Phillip Dampier June 13, 2012 Competition, Consumer News, Data Caps, Verizon, Video, Wireless Broadband 1 Comment

Kuittinen

Forbes Magazine has been pondering Verizon’s radical shift to eliminate buckets of voice minutes and text messages, while increasing prices on wireless data just when mobile broadband is expected to become the new profit center for wireless phone companies. It appears Verizon is well on the way to milking the data cash cow.

Tero Kuittinen notes Verizon Wireless has been on a rate increase binge, primarily by eliminating cheaper plans in favor of those with bigger buckets for voice and text services customers simply don’t need. What used to cost $50 a month two years ago for a respectable minute plan jumped to $70 for a smartphone with data, and now will increase another $20 to $90 a month, and give customers a smaller data allowance.

Verizon Wireless argues customers will get more bang for their buck, and for heavy voice, mobile hotspot and texting users, they may be right.
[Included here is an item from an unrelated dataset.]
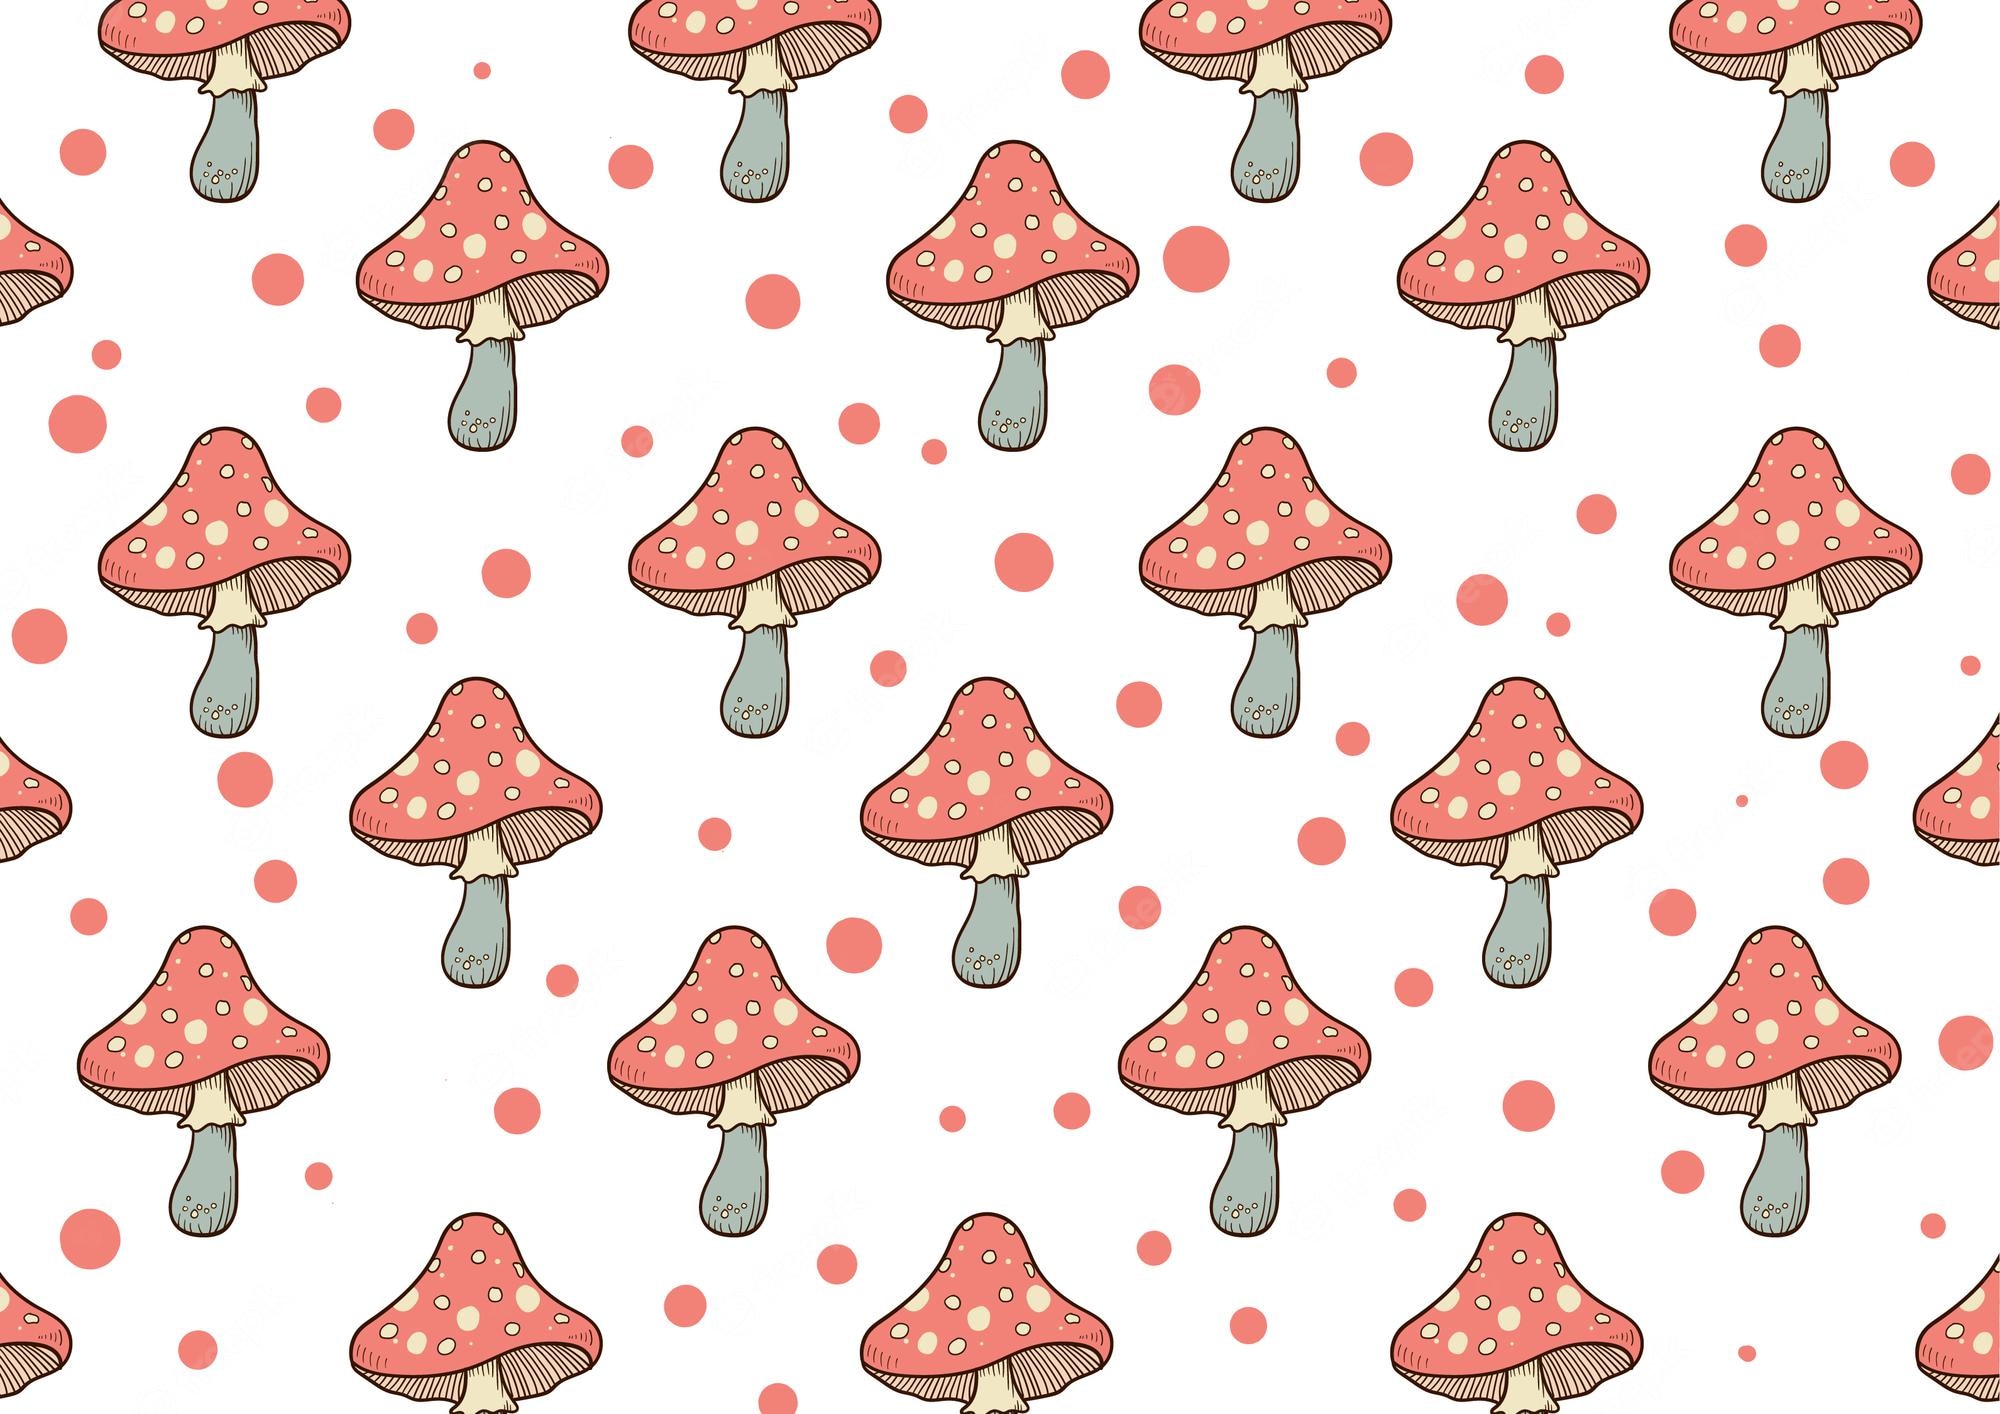 Free download wallpaper i guess Mushroom wallpaper Iphone ...

But for the average customer who watches their voice minutes and keeps texting to a reasonable level, prices are going nowhere but up, whether you want unlimited voice and texting or not.

Q. Will Verizon Wireless herd all of its customers to unlimited voice calling at a higher price? A. Yes!

Why is Verizon taking the risk of alienating consumers by forcing them into a major price hike?

  • This is a clever move to try to cut Skype and WhatsApp down before they erode Verizon’s voice and texting revenue any further. Consumers can still use Skype and WhatsApp – but there is less incentive, because you are forced to pay for unlimited voice and text anyway.
  • The campaigns to lure consumers into buying tablet data plans have not worked. Most people opt for WiFi only tablets. The new Verizon plan basically forces all consumers to pay a higher monthly bill – and then offers them an option to add a tablet data connection for just $10 extra. Adding mobile data to your tablet becomes much more alluring. You’re paying $90 base price anyway – what’s another ten bucks?
  • Verizon believes Sprint and T-Mobile are now so weak they offer no effective competition. Most consumers are so suspicious about their coverage area and/or device ranges that Verizon does not need to worry about defections too much.

America has yet to hear from the other half of the Attizon duopoly, Kuittinen warns, and AT&T is usually cited as the less-consumer-friendly choice in wireless. Kuittinen believes neither company particularly cares about what consumers ultimately think about the new plans, because their only alternatives have more limited coverage, don’t always have access to the hottest new devices, and have 4G networks that don’t keep up particularly well with their larger rivals. (Clearwire on Sprint, anyone?)

[flv width=”360″ height=”290″]http://www.phillipdampier.com/video/WDTN Dayton Verizon Tricked Me 6-13-12.f4v[/flv]

WDTN’s morning news show weighed in on Verizon Wireless’ new “Share Everything” plan. Verizon got scathing reviews from the Dayton, Ohio news show, with one host concluding Verizon Wireless has tricked her with an unlimited data plan it now wants to take away.  (2 minutes)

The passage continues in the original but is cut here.